First, welcome to GW. You'll find a lot of helpful people here with just a few jerks :)

Before you shell out a bunch of money for cookware, think about what you want to accomplish. If the tasks you are asking of it are simple, there's no need to spend a lot of money. You can get a decent Wolfgang Puck set at Sam's for under $200. That Revere ware set you mentioned might be all you need.

But before you buy, do yourself a favor and read the rather long but very informative article at the link. It covers the topic of stovetop cookware with great detail and precision. If you read through that and retain just 10% of it, you'll still be more knowledgeable than the average kitchen store salesperson.

Now, here are my opinions. Take them for what they are, opinions. I would never buy a 'set' of cookware. Even though the cost per article MAY be less than open stock, invariably there are a few items that you won't use. For instance, I have a really good Cuisinart stainless set. Love the stockpot and saucepans, hate the skillets so I never use the skillets. So any saving from buying the set gets negated by the fact that I don't use the skillets.

Think about the tasks you are asking the items to do, and shop for items which do those tasks well.

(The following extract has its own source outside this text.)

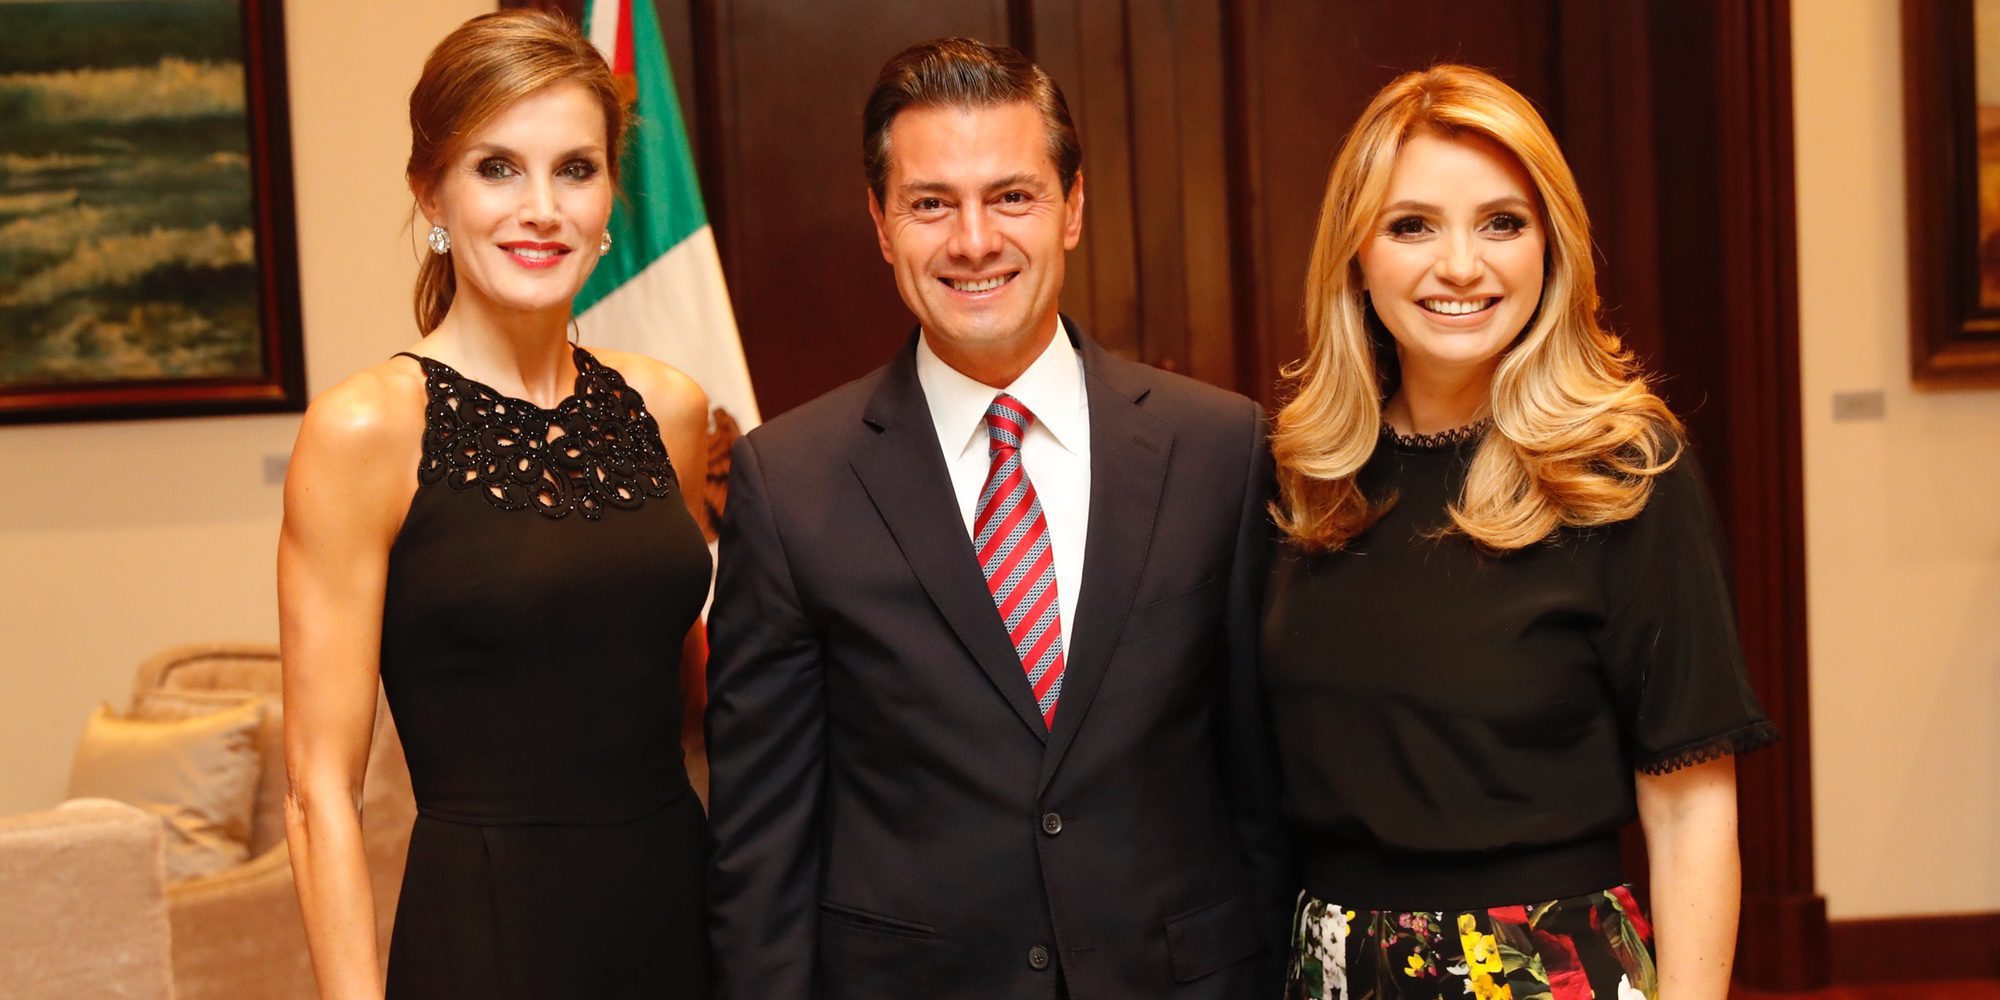 La Reina Letizia une sus fuerzas con Peña Nieto y Angélica Rivera contra el cáncer en su visita a México

Now if you're not gonna do a whole lot of cooking, it makes sense not to spend a whole lot on cookware. But if you think you might try to progress beyond simple stuff (and don't be ashamed, we all started cooking simple stuff) it would be worthwhile to get decent cookware to begin with. The analogy would be to getting a musical instrument. While a great musician can make good music on a modest instrument, a cheapo instrument will frustrate the student and impede his progress.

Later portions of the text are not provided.